Sit down and read a book. Just sit and read. Storey’s various guides are a very good place to start if you’re seeing problems with your animals, from chickens to goats to sheep to cattle, and even horses. We cannot possibly cover in this article what a good, solid guide can do in several hundred pages.
If you don’t have a vet in your area, and many people reading this probably don’t; livestock veterinary have disappeared from a ton of areas since 2020, get a livestock veterinary manual for yourself. Talk to the local ag board and see if anyone in a county or three over does small and large livestock veterinary for you. While euthanasia is always an option, if you want to fight to save that animal, maybe that distant vet is your only option when things get really weird.
And maybe they tell you no.
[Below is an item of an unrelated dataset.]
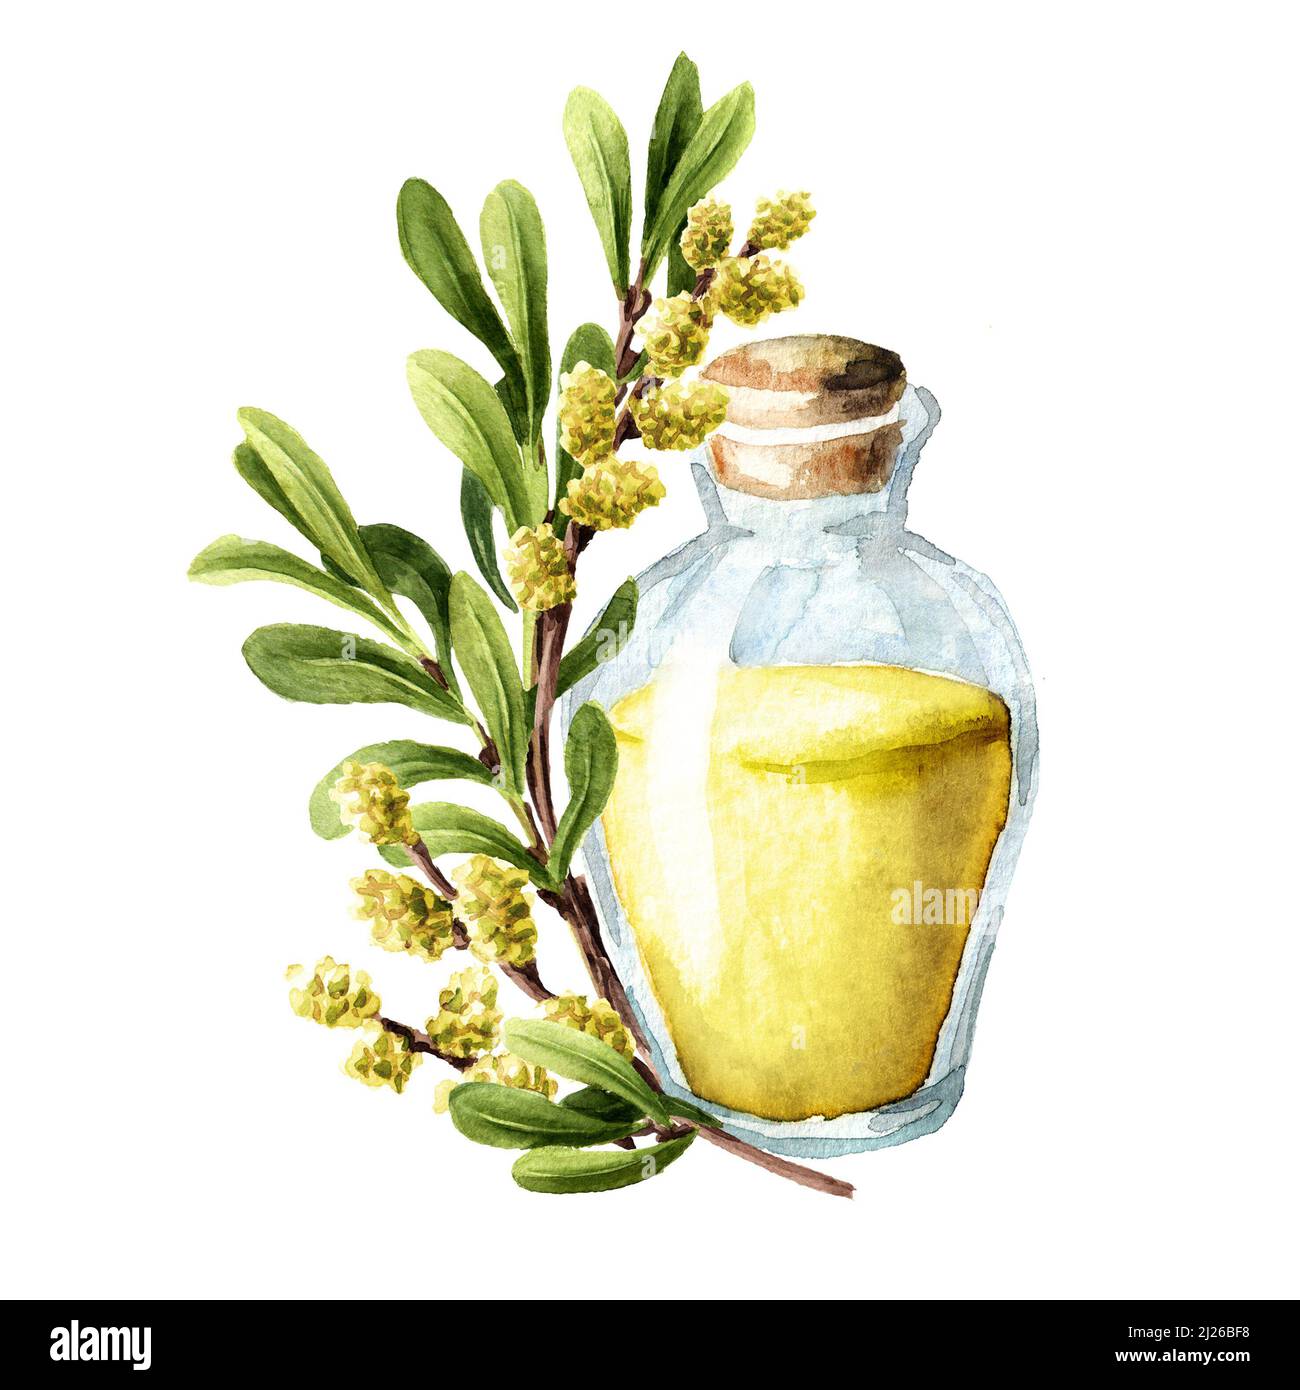 Huile essentielle de myrte de tourbière, plante médicinale. Illustration aquarelle dessinée à la main, isolée sur fond blanc Banque D'Images

I know I’ve been told no several times because they were already too busy or their vet was sick.
Unintentional neglect can be due to any number of reasons. Even something as small as heavy copper in your water can kill your sheep and you’ll be left not knowing what’s going on without water testing. The worst neglect? Not knowing what your animals need to thrive. It goes so much more beyond fresh water, clean areas, good forage, and a solid feed pellet and/or minerals.
Sit down with a good book, listen to whatever vets you can find, and try your best. It’s all you can do.